Essa mentalidade acabou por criar uma espécie de guerra fria no próprio país entre os negros e os brancos. Seriados, músicas, bairros, etc. começaram novamente a serem divididos entre brancos e negros, como é possível notar principalmente nos seriados com elencos majoritariamente brancos ou negros. Apesar de Bill Clinton ter sido eleito logo depois, o estrago já estava feito e a discriminação ainda continuava.
Durante o governo de Clinton ocorreu o escândalo com Monica Lewisky, o seu Impeachment e, com a eleição de George W. Bush Jr. como presidente dos EUA, o país novamente passou a ter um presidente com ideias conservadoras em seu governo.
Voltando ao seriado, conhecendo esse contexto extremamente simplificado dos EUA na época, os acontecimentos do episódio acabam fazendo muito mais sentido aos telespectadores. O fato da amiga de Samantha não querer que seu irmão namore com uma branca se deve à mentalidade que ainda ocorria na época (não de forma tão explicita) da divisão entre “nós e eles” e não a uma suposta tentativa de mostrar um “racismo reverso”.
Assim como no primeiro episódio citado no texto, o segundo episódio nada mais era do que uma demonstração de como era a mentalidade geral das pessoas na época. Outros seriados como, por exemplo Fresh Prince of Bell-Air (Um Maluco no Pedaço), também trataram desse assunto na época.
Foi só com a eleição (e reeleição) de Barack Obama que essa “guerra fria” começou a diminuir, que os seriados começaram a ser realmente mais diversificados e esses assuntos mais normalizados.
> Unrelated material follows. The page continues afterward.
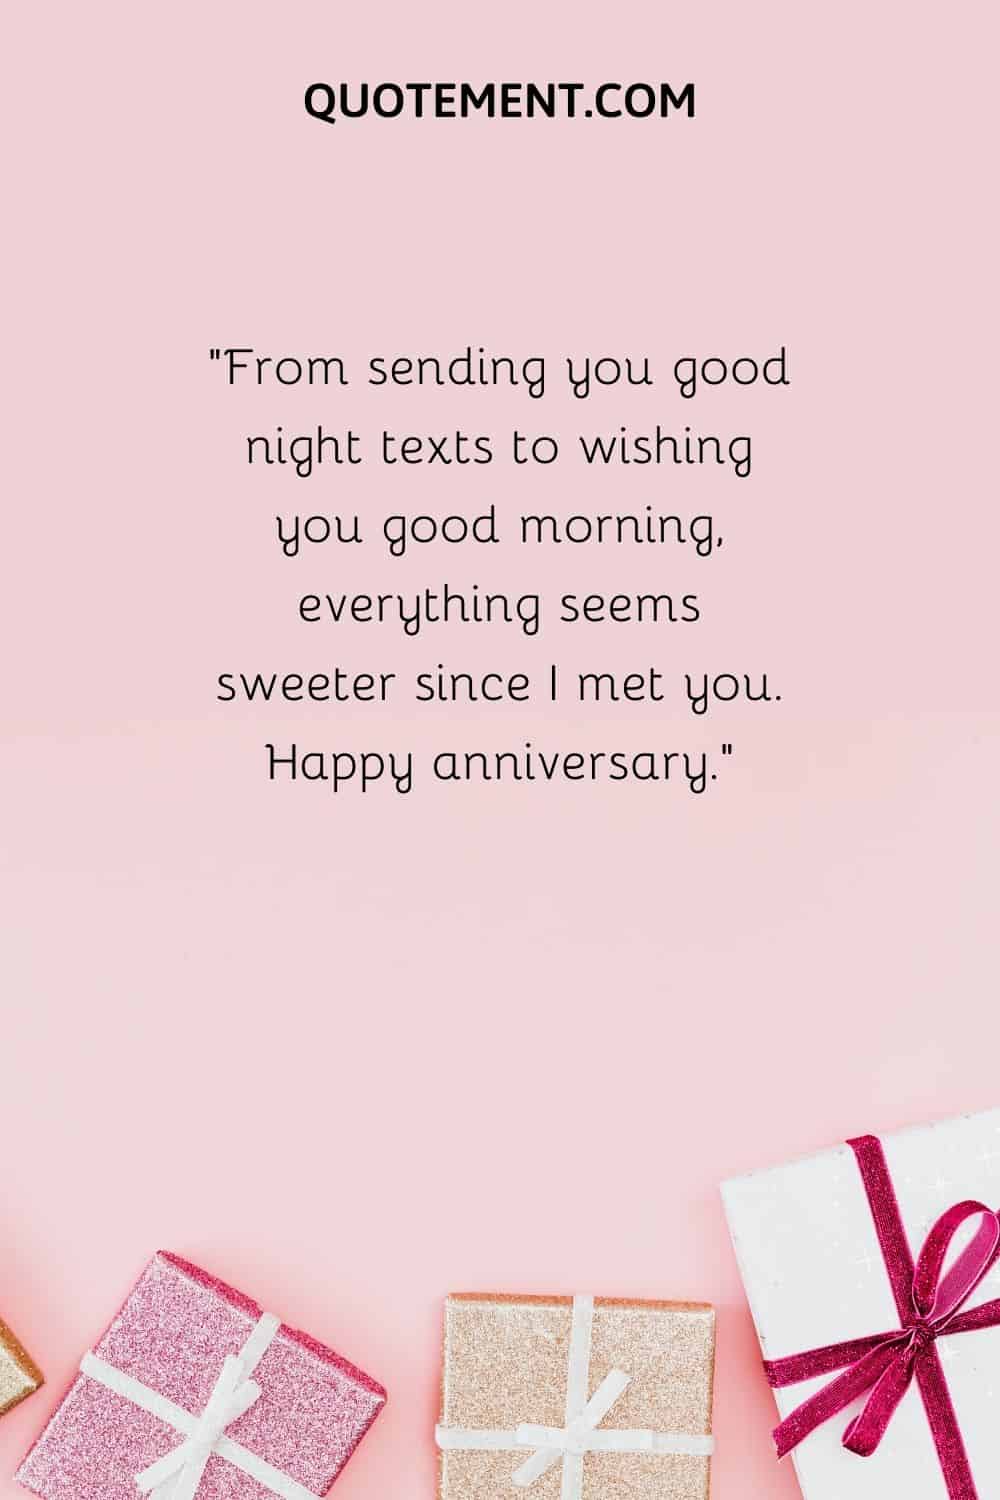 From sending you good night texts to wishing you good morning, everything seems sweeter since I met you.

Como dito anteriormente, nenhuma peça de mídia “envelhece mal” e Sex and the City continua sendo um legado histórico na televisão. Sim, as ideias mudaram e a sociedade felizmente evoluiu, mas isso não tira a importância que o seriado tem ainda hoje. Se em algumas partes algumas ideias continuam datadas, em outras elas continuam atuais e ressoando com os telespectadores e é exatamente por isso que Sex and the City continuará sendo um marco para as gerações que virão.